It would help if you retyped the data exactly, leaving out the pictures.

Available records ▸
- - -

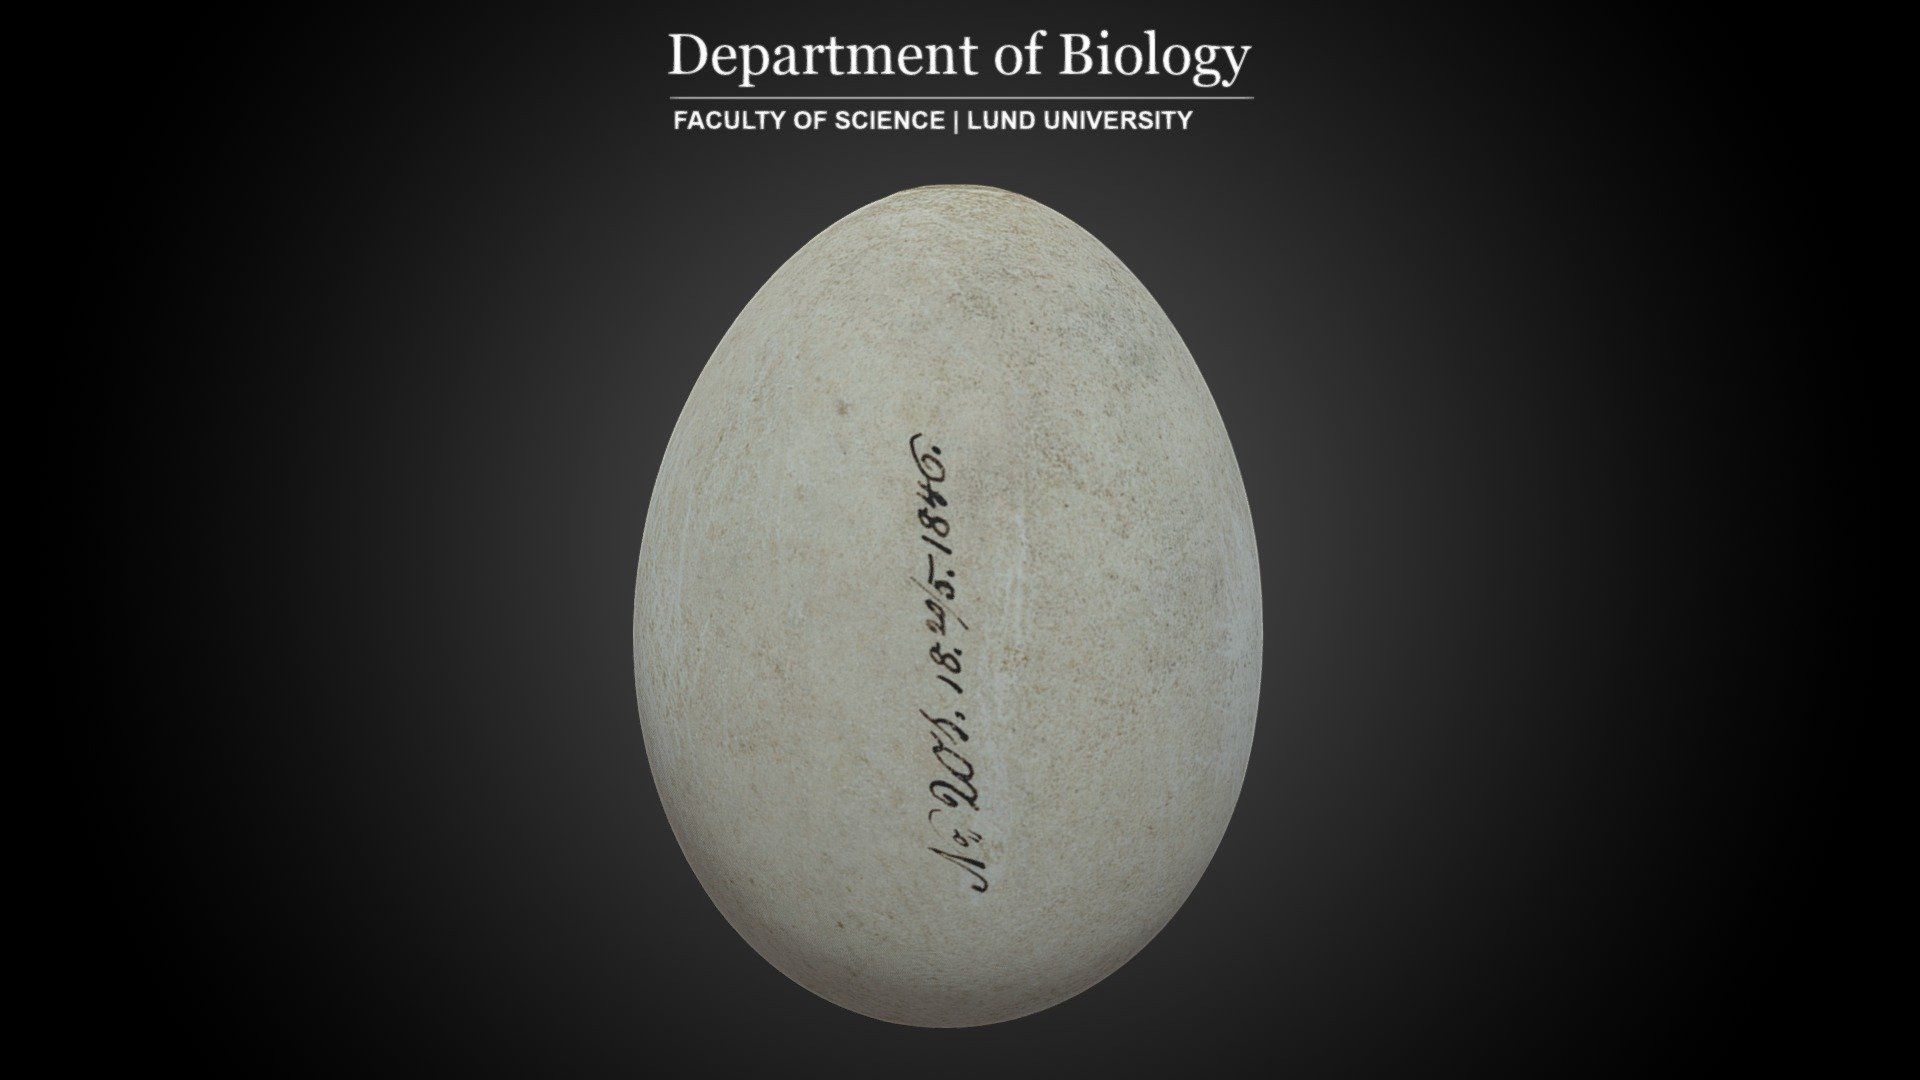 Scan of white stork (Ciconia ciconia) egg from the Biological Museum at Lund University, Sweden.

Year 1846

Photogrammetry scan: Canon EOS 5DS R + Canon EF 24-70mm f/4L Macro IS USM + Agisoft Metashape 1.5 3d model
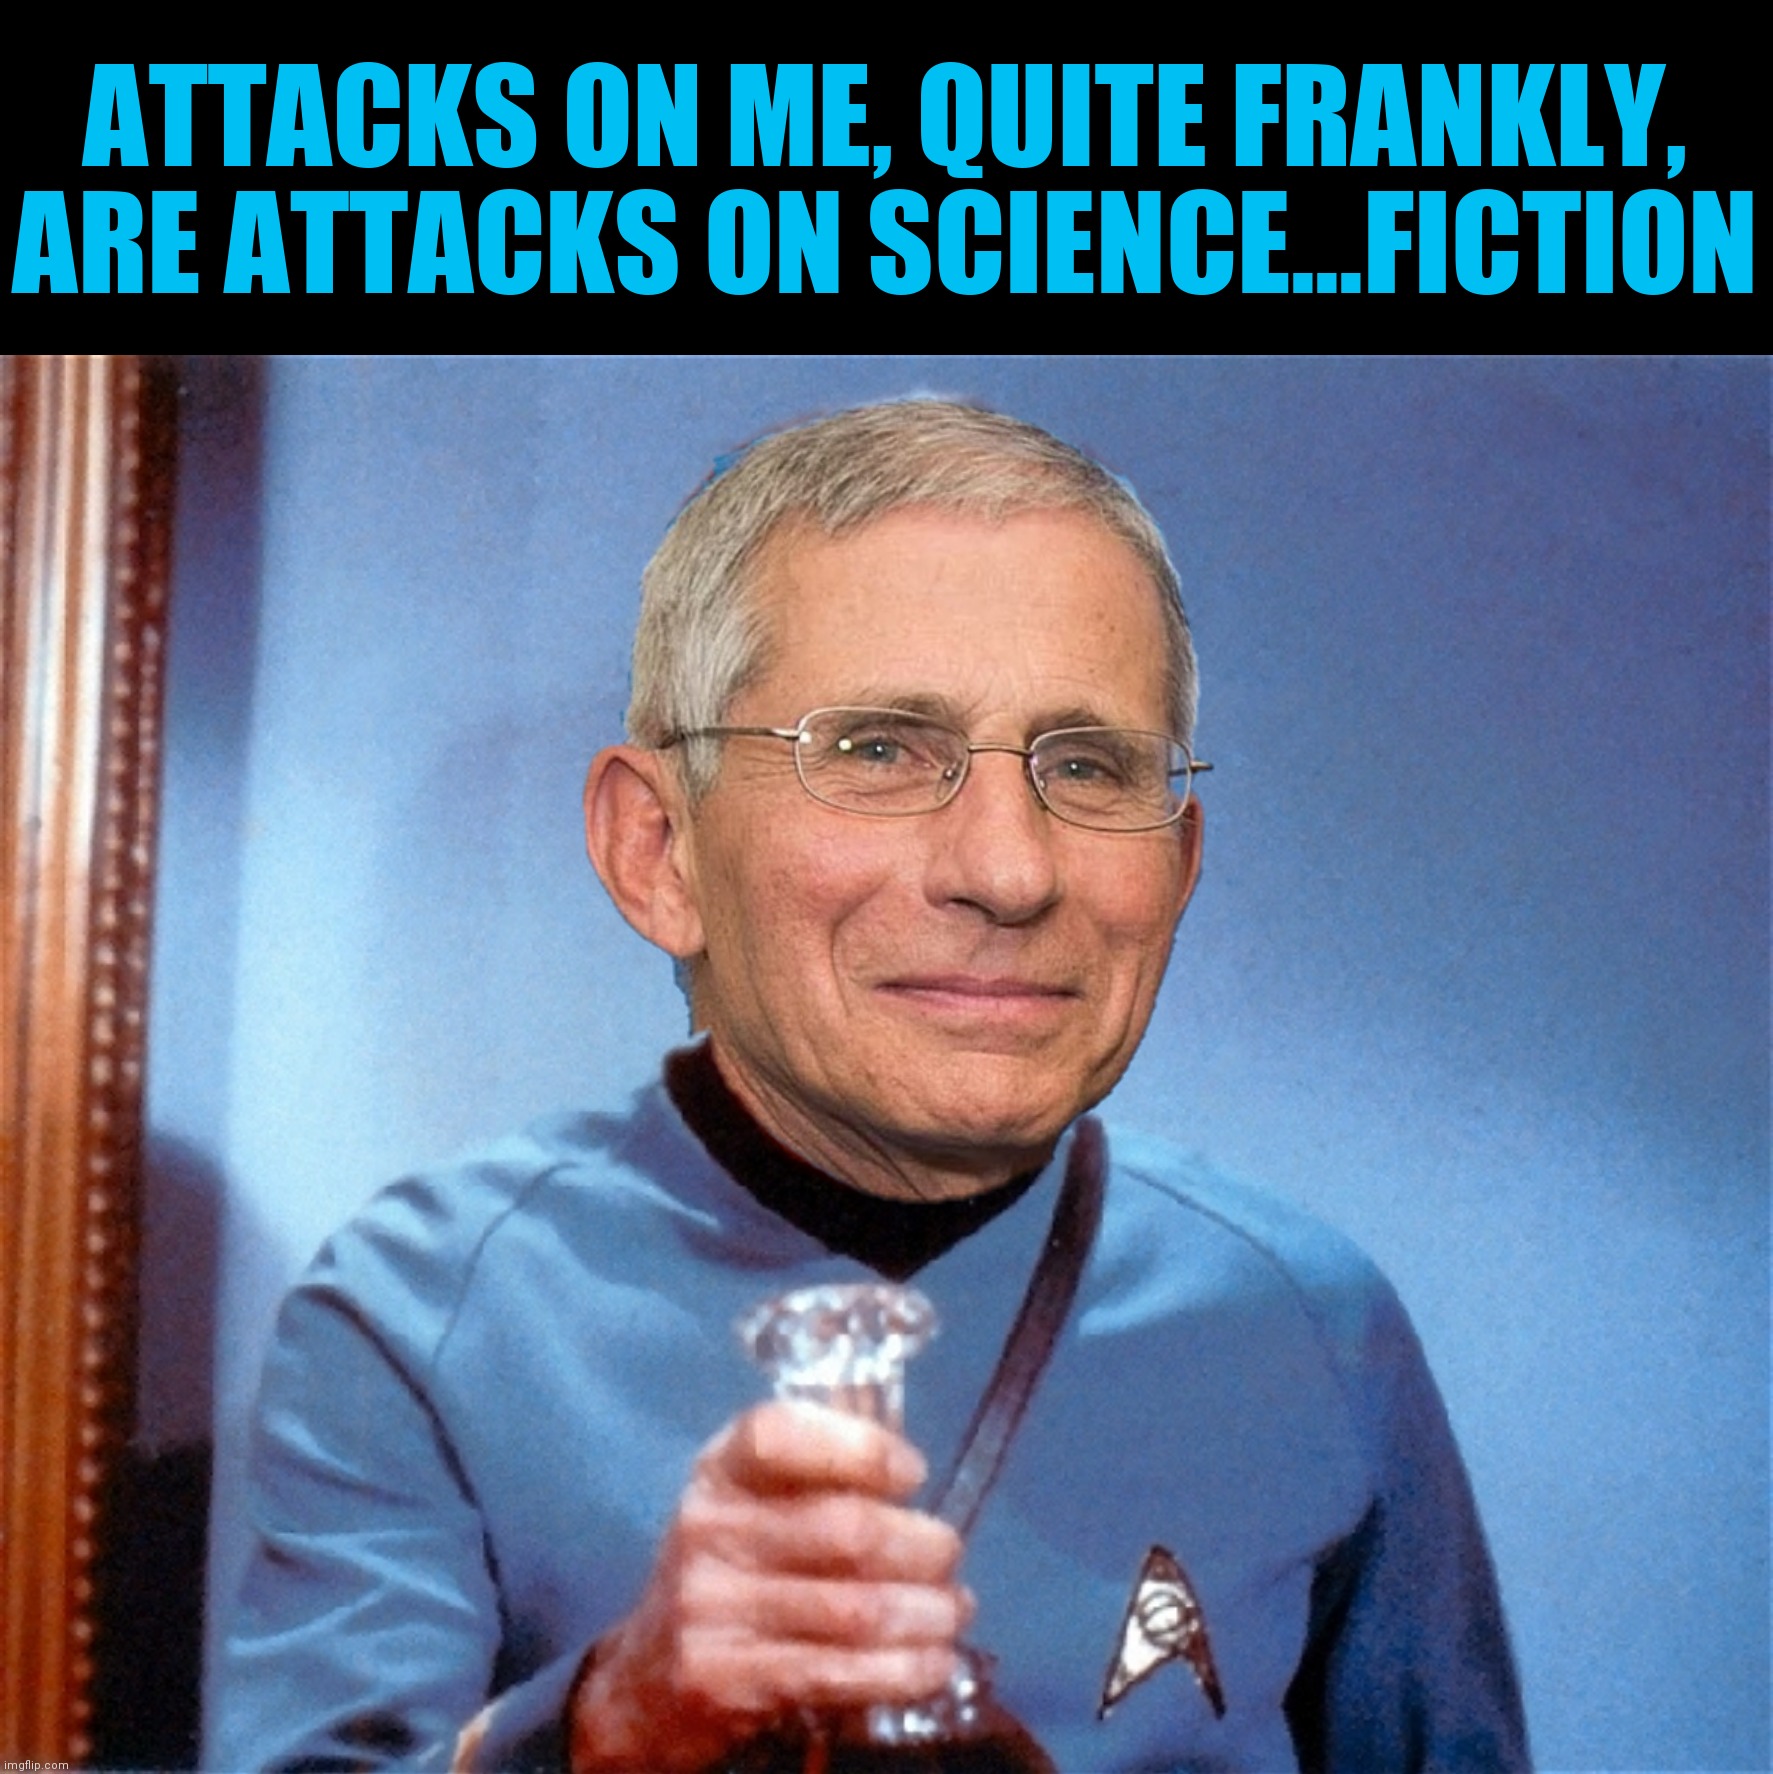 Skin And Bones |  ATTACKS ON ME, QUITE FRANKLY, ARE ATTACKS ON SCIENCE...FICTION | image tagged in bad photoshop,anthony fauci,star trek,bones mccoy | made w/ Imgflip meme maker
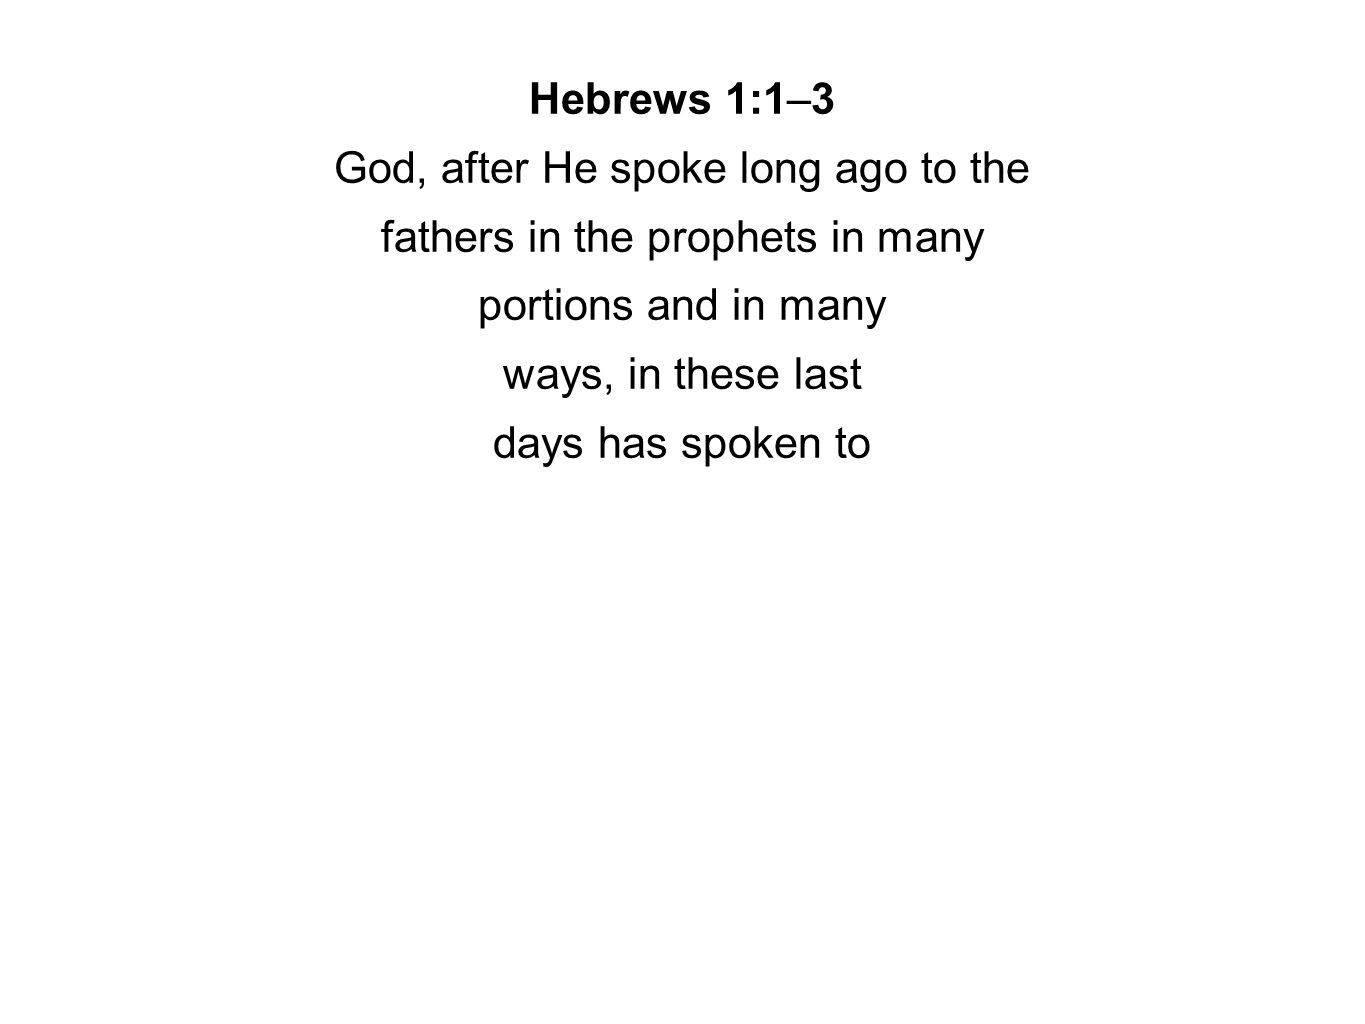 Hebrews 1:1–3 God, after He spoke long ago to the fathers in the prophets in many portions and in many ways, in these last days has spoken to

- - -

Output for this exercise ▸
 Scan of white stork (Ciconia ciconia) egg from the Biological Museum at Lund University, Sweden.

Year 1846

Photogrammetry scan: Canon EOS 5DS R + Canon EF 24-70mm f/4L Macro IS USM + Agisoft Metashape 1.5 3d model
 Skin And Bones |  ATTACKS ON ME, QUITE FRANKLY, ARE ATTACKS ON SCIENCE...FICTION | image tagged in bad photoshop,anthony fauci,star trek,bones mccoy | made w/ Imgflip meme maker
 Hebrews 1:1–3 God, after He spoke long ago to the fathers in the prophets in many portions and in many ways, in these last days has spoken to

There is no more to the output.